L'ESCALE EN AVIGNON
Publié le 23 Novembre 2023
9 novembre
Aujourd’hui, escale à Avignon. La péniche accoste en douceur. Nous sommes sur le pont, Melinda et moi, prêts à débarquer. Devant nous, le Palais des Papes, monumental, tout en pierres blanches, se dresse au-dessus de la ville. D’abord happé par les hautes tours, le regard tombe ensuite sur les toits aux tuiles rouges avant de couler jusqu’au port où s’affairent quelques plaisanciers.

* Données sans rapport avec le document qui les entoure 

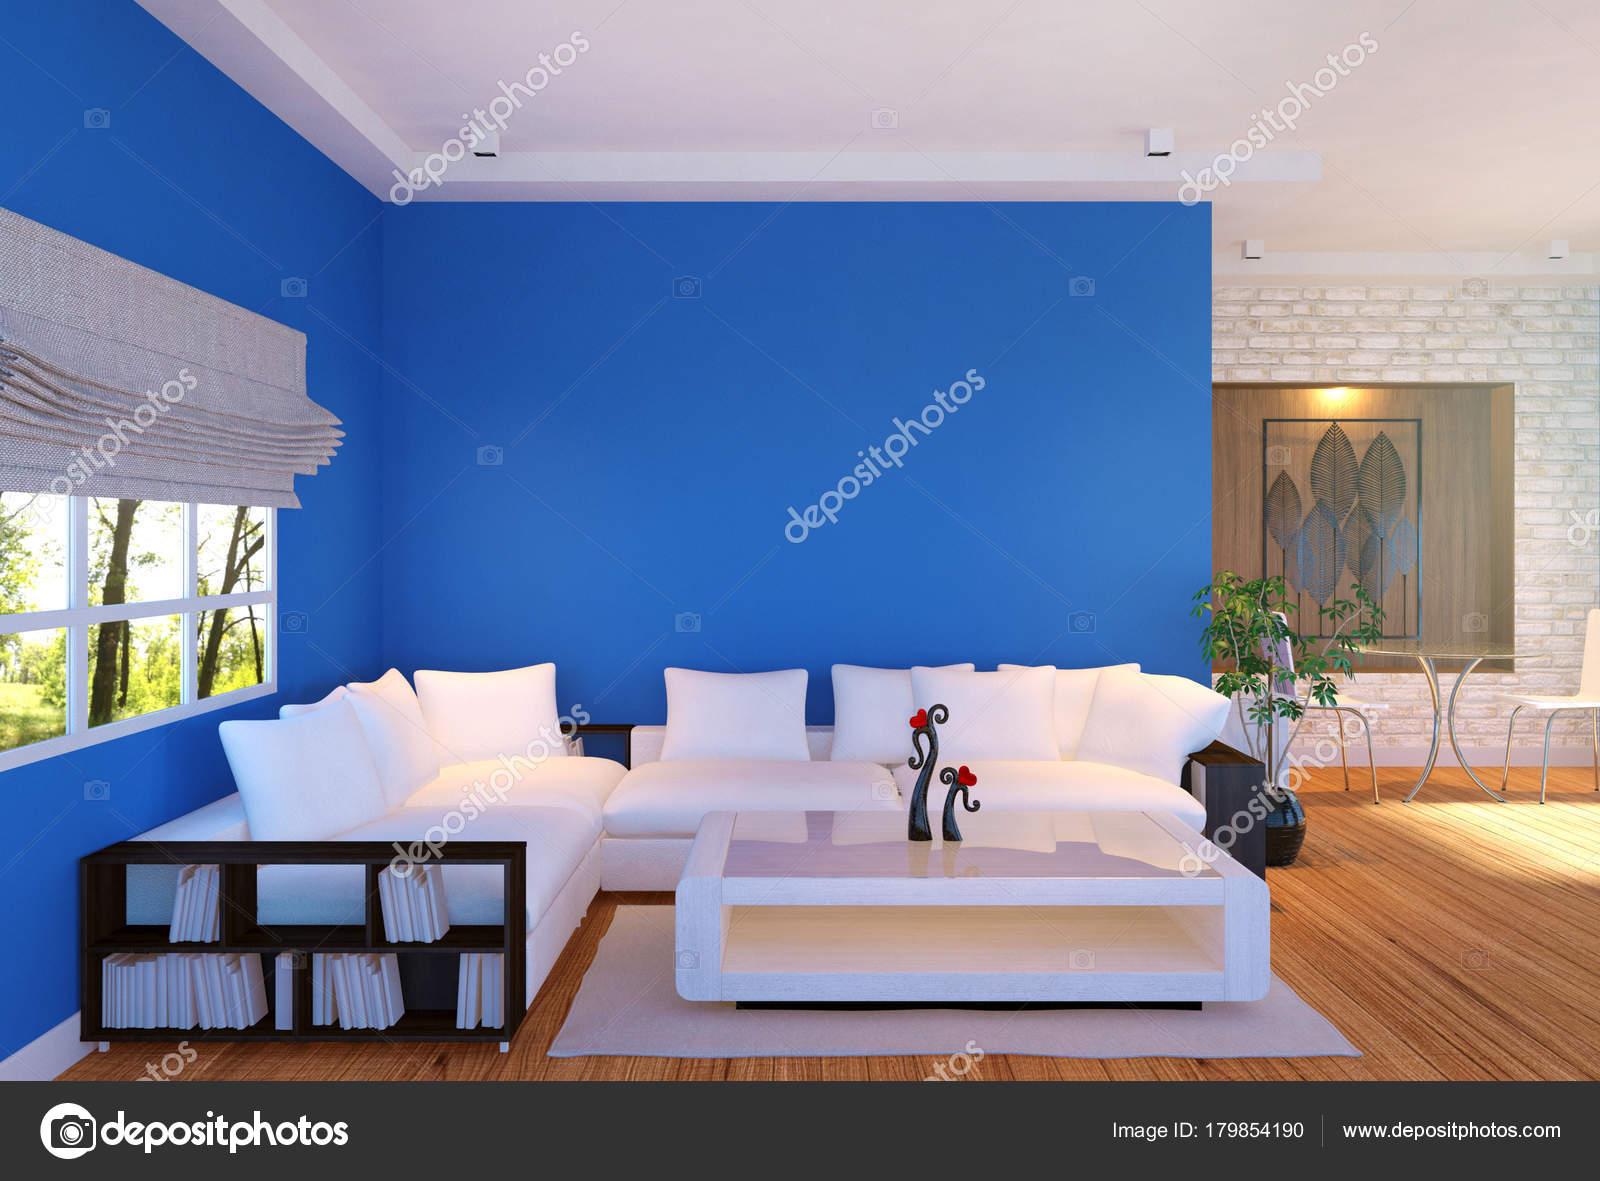 Entzuckend Moderne Wohnzimmer Einrichtung Mit Möbeln Und Blau Leere Wand Rendering U2014  Stockfoto

Les moteurs de la péniche se taisent. Paul nous rejoint. Nous partons tous les trois vers le centre ville. Nous traversons des ruelles encombrées d’étals à touristes. Epices colorées aux odeurs exotiques, marchands de foulards, d’éventails bigarrés, pizzerias, kebab… j’ai l’impression de traverser le Vieux-Nice. La cause touristique rend les vieilles villes interchangeables. Dommage ! Au détour d’une venelle, un pan de palais papal bouche le ciel. Melinda ne peut retenir un Oh ! de surprise ravie et presse le pas. Ce palais l’attire plus qu’un aimant, en tout cas plus que moi. Elle ne me calcule guère. Ce qui me console, c’est qu’elle ne semble pas plus intéressée par Paul qui n’a pas hésité à laisser la péniche à la seule garde de la cuisinière pour nous suivre… enfin, pour la suivre...
Nous débouchons devant une immense place peuplée de touristes. Le palais, impressionnant ! Splendeur médiévale parfaite, bâtie d’arcades, de tours, de créneaux, de murs, de pierres, de murs, de pierres, harmonieux et massif à la fois. Je me sens tout petit devant cet édifice, pour un peu, je retrouverais la foi. Melinda semble l’avoir en elle, la foi. Elle est en contemplation, avec une lumière nouvelle dans ses yeux d’émeraude, comme une joie profonde qui la rend encore plus belle.
Elle nous propose de faire la visite du palais. Je décline l’offre. Ça va prendre trois plombes, je préfère tracer vers le fameux Pont d’Avignon, vestige d’un pont médiéval dont il ne reste aujourd’hui que quatre arches et surtout, j’aimerais trouver un moyen d’aller jusqu’à l’écluse d’Avignon. La voir de la rive avant de la franchir demain en péniche. C’est quand même ce qui m’a poussé à faire ce voyage… Melinda sourit devant mon enthousiasme. Il paraît que lorsque je parle d’écluse, je m’illumine, enfin, c’est ce qu’elle m’a dit. Et ça, ça m’illumine encore plus !
Finalement, Paul et elle iront visiter le palais pendant que je fonce vers l’écluse et on se retrouve pour déjeuner ensemble vers 13h devant le Pont où nous danserons ensemble…
J’ai trouvé un bus, je suis arrivé devant l’écluse, en apnée devant des chutes d’eau tonitruantes. Un vacarme d’écume, de vent, d’embruns de rivière auxquels manque le sel. En amont, c’est tout calme. Une étendue d’eau tranquille, des canaux et l’usine hydroélectrique post-art-déco, classée aux Monuments Historiques. Vivement demain sur la péniche !
A 13h, j’ai retrouvé Melinda et Paul, comme convenu, devant le Pont d’Avignon. Nous avons déjeuné d’une pizza approximative, rien à voir avec mon savoir-faire ! Mais j’ai oublié illico l’absence de saveur de la pseudo-pizza quand Melinda nous a raconté le but de son voyage : elle envisage de devenir bonne sœur et profite de cette croisière sur le Rhône afin d’obtenir les bonnes réponses à ce grand choix de vie. J’en reste sur le cul ! Paul aussi !
Deux ou trois verre de vin plus tard, j’ai réussi à intégrer le truc et c’est à peu près rasséréné que je suis mes compagnons vers le pont. Là, j’ai osé ! J’ai esquissé un pas de danse et tenant la main de Melinda du bout des doigts, genre menuet. Sympa, elle a joué le jeu et a fait de même avec Paul. Puis, on s’est promenés sur le pont, le Rhône magnifique sous nos pieds. Le soleil commence à décliner, le fleuve vire au pourpre, les pierres du Palais des Papes se teintent de rose et d’ocre. Nous repartons vers la péniche dans une lumière dorée presque surnaturelle, d’une beauté qui m’étreint le cœur.
Maintenant, à l’abri dans ma cabine, j’écris pour raconter et surtout garder le souvenir de cette journée. Je ne veux rien oublier.